Our contribution and strength are that we are the first to prove that 3D skeletons can be appropriately aligned from mobile 2D images with tracking, prediction skeletons, and model building for classification items of standardized examiner-administered tests in infants’ motor development. The traditional burden of methodologies while analyzing movement with 2D video is that a singular vantage point may impede the body segments and make the distance unmeasurable.

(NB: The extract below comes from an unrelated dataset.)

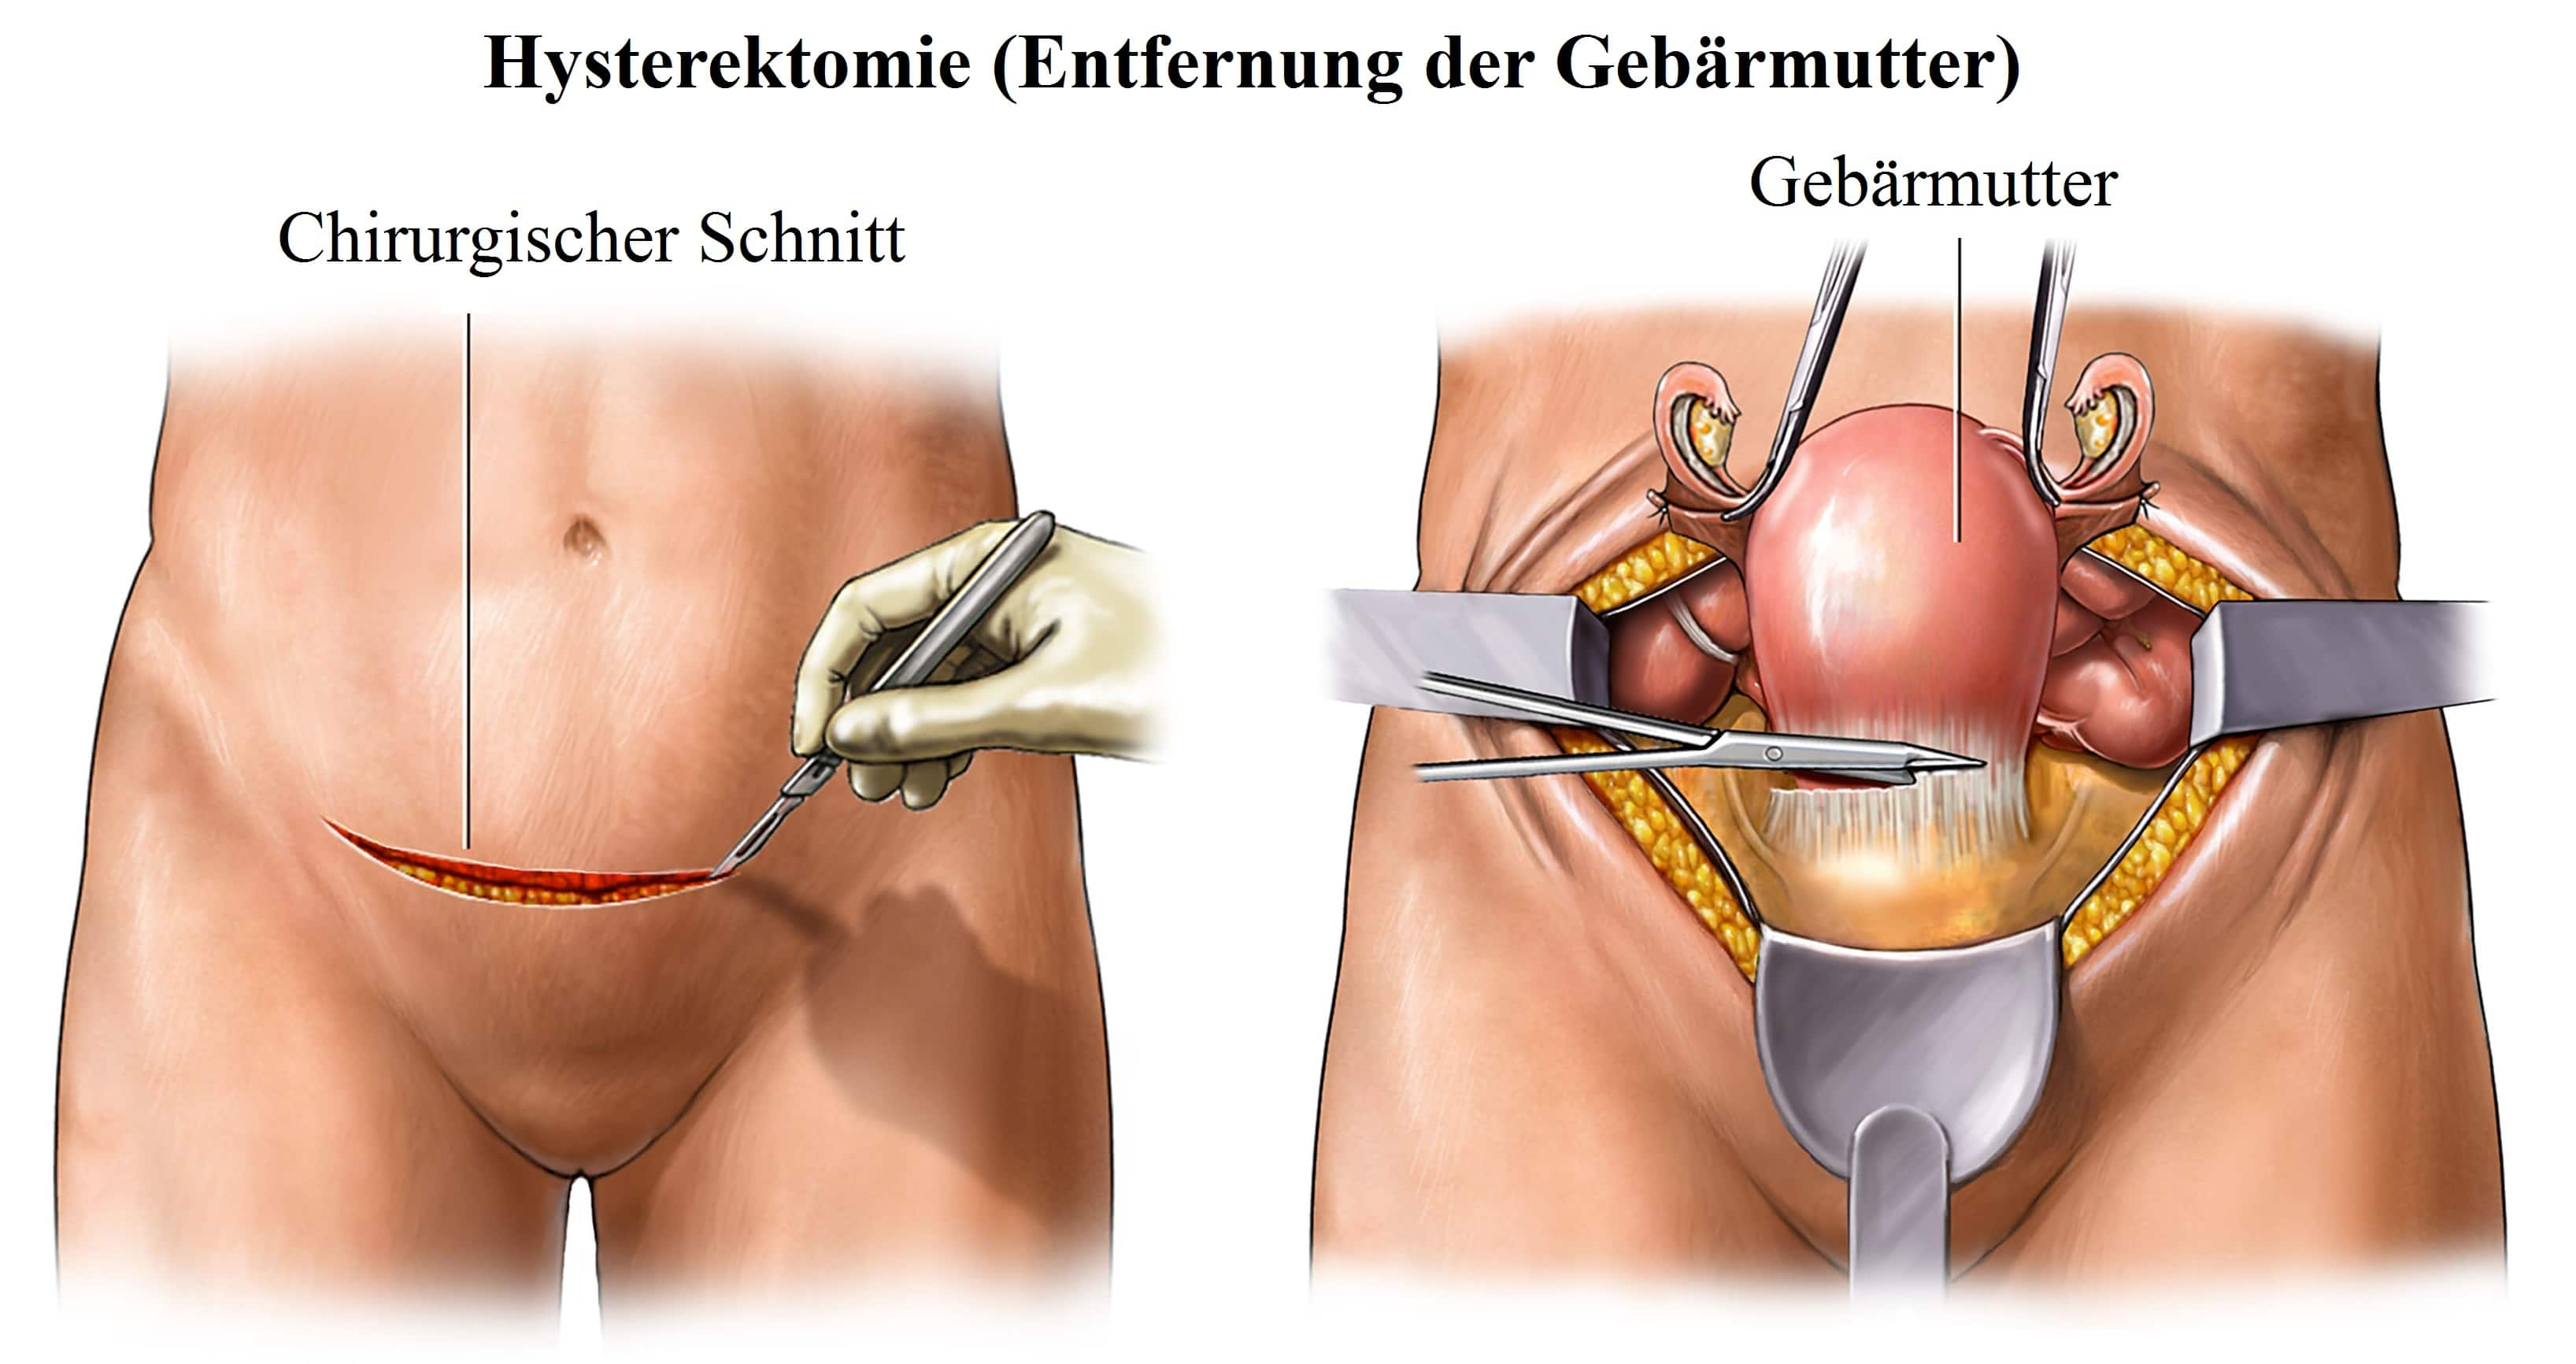 Hysterektomie, Entfernung der Gebärmutter - Symptome und Behandlung

The 2D open pose-based human skeleton method recorded in the lab to classify GMA has been proven to have a major advantage over state-of-the-art ML-driven methods [36]. The feasibility of GMA video recording by parents with smartphones with background and angle limitations at home has proven acceptable for remote assessment by preprocessing automated scoring [37]. J Zhou et al. combined a CNN and a hierarchical 3D pose estimation scheme to recognize the item of AIMS, but they used synthetic infant images to train and validate their models [38]. For preschool children, a labor-saving AI assessment system, combined with tracking process and gross motor action recognition such as jumping and running with CNN and 2D skeleton, demonstrated an accuracy of 82.3% on daily activity videos [39]. Despite the promising and growing application of telemedicine in medicine, its application in pediatric and neonatal settings is limited [40]. In addition, current AI applications for pediatric rehabilitation focus on delivery services, but gaps in personalization approaches and remote real-time evaluation still exist [41].

5. Limitations

Our study had several limitations. First, we only validated the autorecognition of PTS. The prevalence of motor delay ranged from 2.3% to 5.5%, and another 8.8% of patients who were not on track needed close monitoring [4]. We chose PTS as an example for proof of concept because it is one of the essential items from HINE and an easy-to-use neurologic examination in clinics. Although head lag alone could not predict future NDI outcomes [8], infants with CP or neuromuscular disease usually showed early head lag [11]. Compared with low-risk infants, head lag was demonstrated as an early predictive biomarker of future communication delays and diagnosis of autism in children with autistic siblings [9,10].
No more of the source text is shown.